666     # `convert_observed_data` takes care of parameter `value` and
    667     # transforms it to something digestible for Aesara.
--> 668     arr = convert_observed_data(value)
    669 
    670     if mutable is None:

~/anaconda3/lib/python3.7/site-packages/pymc/aesaraf.py in convert_observed_data(data)
    139         # otherwise, assume float:
    140         else:
--> 141             return floatX(ret)
    142     # needed for uses of this function other than with pm.Data:
    143     else:

~/anaconda3/lib/python3.7/site-packages/pymc/aesaraf.py in floatX(X)
    457     """
    458     try:
--> 459         return X.astype(aesara.config.floatX)
    460     except AttributeError:
    461         # Scalar passed

ValueError: setting an array element with a sequence.

Any help is much appreciated

Hi Jeff!

In general, ragged lists (which is what I think you’re realing with – a list of lists that aren’t all of the same length) require some special handling. In general, you can’t represent the ensemble of objects as a Pytensor/Aesara/Theano symbolic tensor, because these need to have a defined number of dimensions (what is the dimensionality of a list of items of uneven length?)

But not all hope is lost, and I can see two ways forward.

One option would be to transform your list of lists to a list of pytensor tensors, then scan over this list and do some computation to each element. This would look something like this:

with pm.Model() as risk_model:
    y = pm.MutableData('Outcome', df.y)
    # You can't use pm.Data anymore, because we end up with a list of arrays
    x_list = list(map(pt.as_tensor_variable, df.x))

    a = pm.Normal('a')

    y_hat = pytensor.scan(lambda x, a: (x ** a).mean(),
                      sequences=x_list,
                      non_sequences=a)

The downside of this is that if you want to change out the data (to do predictions, for example) it will be extremely hard.

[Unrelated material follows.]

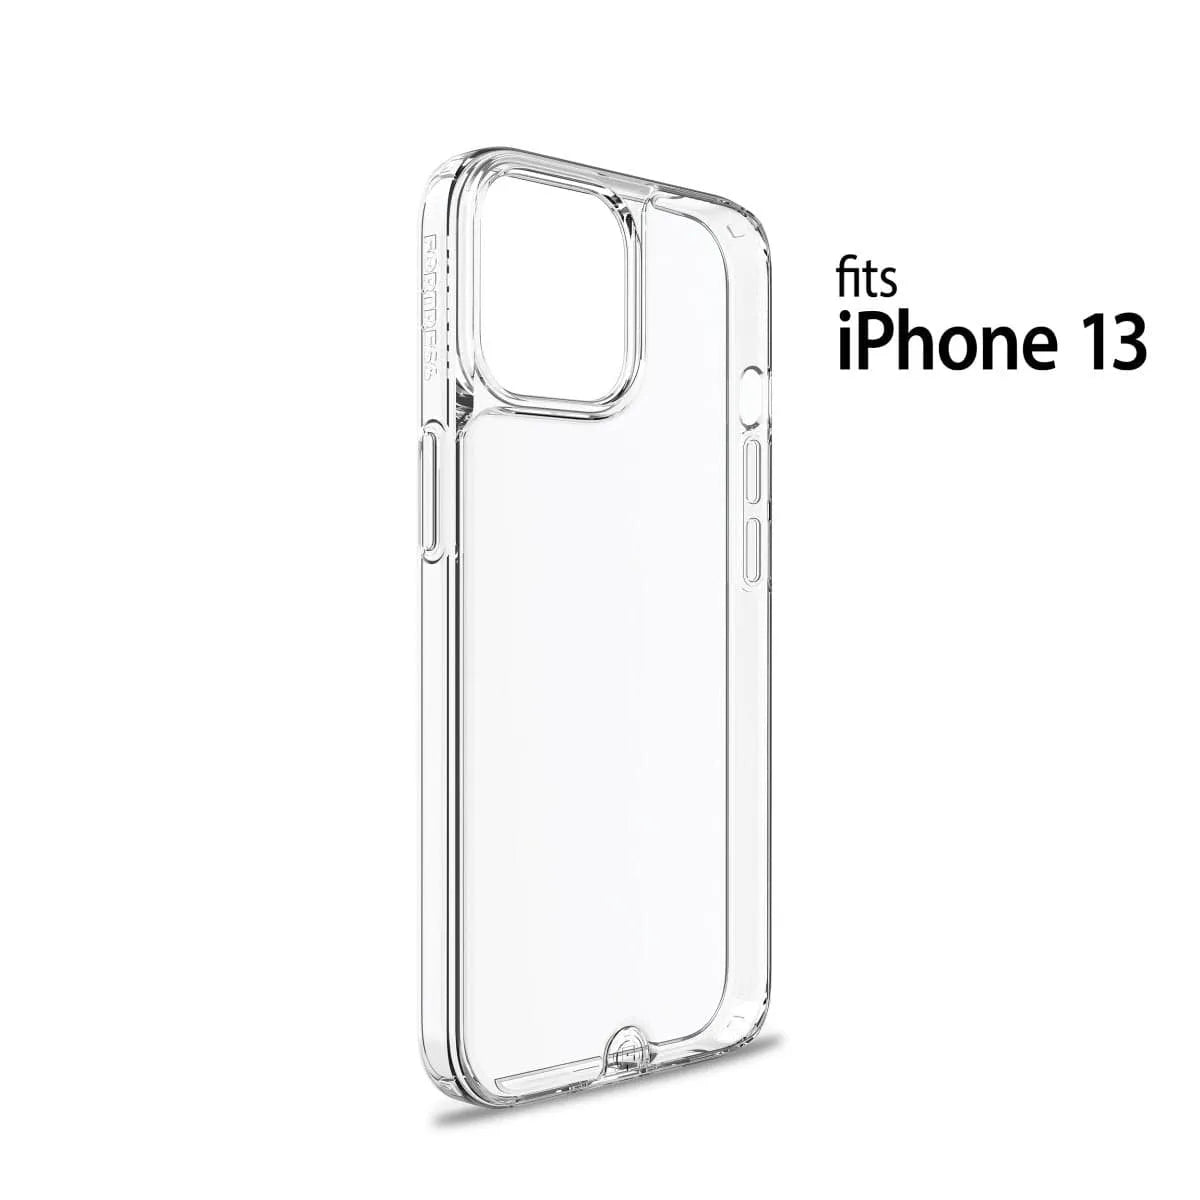 Fortress Fortress Infinite Glass Case for iPhone 13  Scooch Infinite Glass

A second, and perhaps more elegant, approach will be to compute the length of each list, then pad the lists so that they are all of the same length. This way your data becomes non-ragged, and you can vectorize everything:

def pad_and_stack_ragged_list(x_lists):
    '''Transform ragged list x_lists of length n into a matrix of shape n x max(len(x_lists))'''
    lengths = [len(x) for x in x_lists]
    max_len = max(lengths)
    x_padded = [np.r_[x, np.full(max_len - l, 0)] for x, l in zip(x_lists, lengths)]
    
    return np.stack(x_padded)

x_lengths = df.x.apply(len)
X_mat = pad_and_stack_ragged_list(df.x.values)

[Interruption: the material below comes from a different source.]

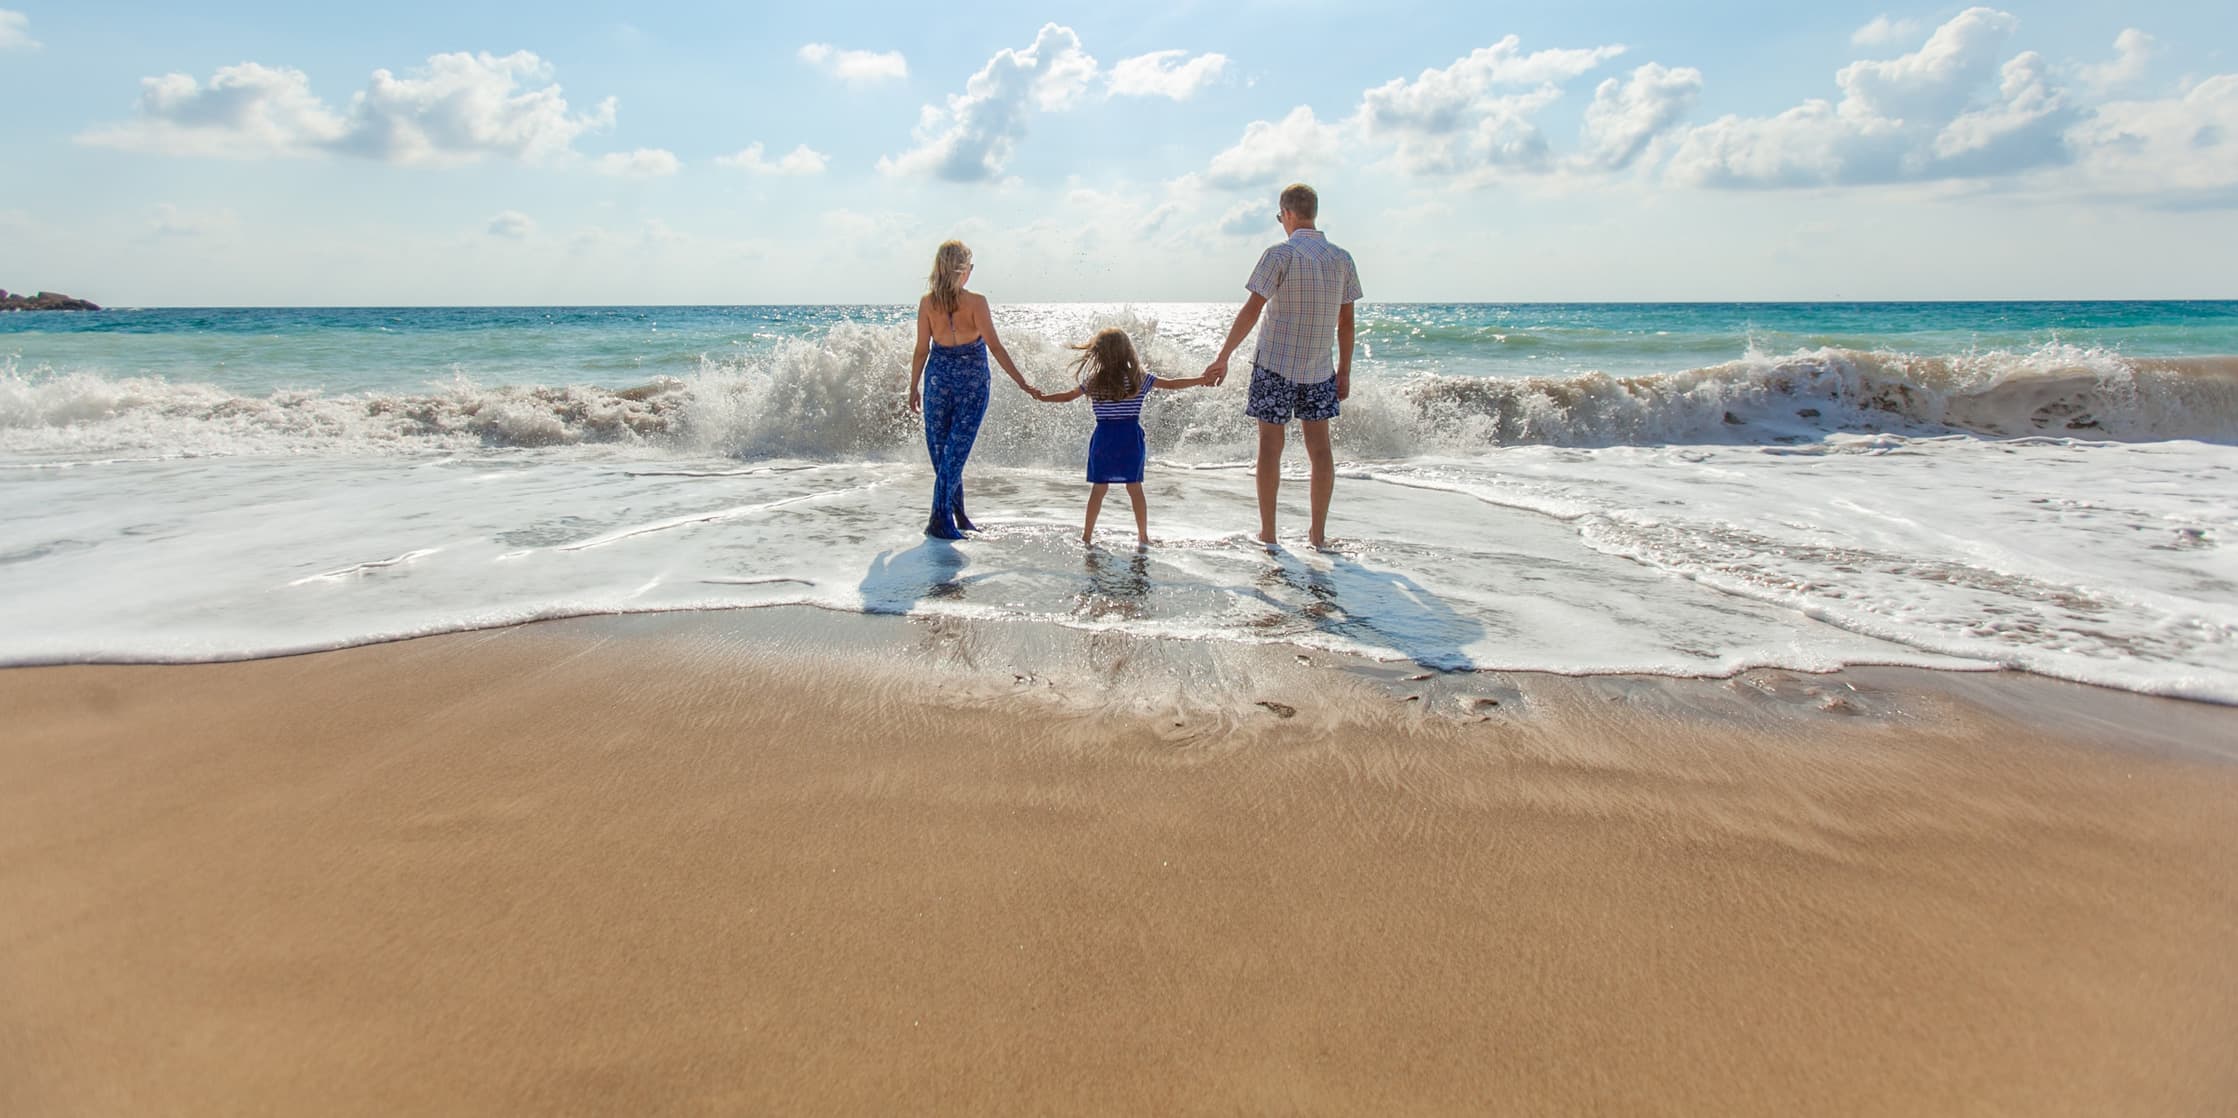 A man, woman, and child holding hands in front of crashing beach waves

with pm.Model() as risk_model:
    y = pm.MutableData('Outcome', df.y)
    x = pm.MutableData(“Dependent”, X_mat)
    lengths = pm.MutableData('x_lengths', x_lengths)

    a = pm.Normal('a')
    y_hat = (x ** a).sum() / lengths

The padded zeros won’t contribute* to the sum computed in y_hat, and the correct length will be used to compute the mean since we saved it before padding things out.

In this model, changing the data wouldn’t be so bad, you would just have to compute the lengths of the out-of-sample data, call the pad_and_stack_ragged_list function, then use pm.set_data.

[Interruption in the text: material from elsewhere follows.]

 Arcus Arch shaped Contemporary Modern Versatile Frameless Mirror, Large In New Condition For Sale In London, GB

*Unless you have exactly a == 0.00, which shouldn’t matter since it should be drawn with probability zero. But it could be awkward if a was distributed with support over the unit interval and the posterior ended up extremely skewed (e.g. beta or logit normal with a very small mean/std).

Hey Jesse,
Thanks for your input. I didn’t expect such quick interactions and took my eye off this post for a couple days. In the meantime my solution was much less elegant than I think either of these but more similar to solution 2. I basically made the counts of every value their own column as I happen to have a limited number of values. This probably made it much less efficient to sample however.

1 Like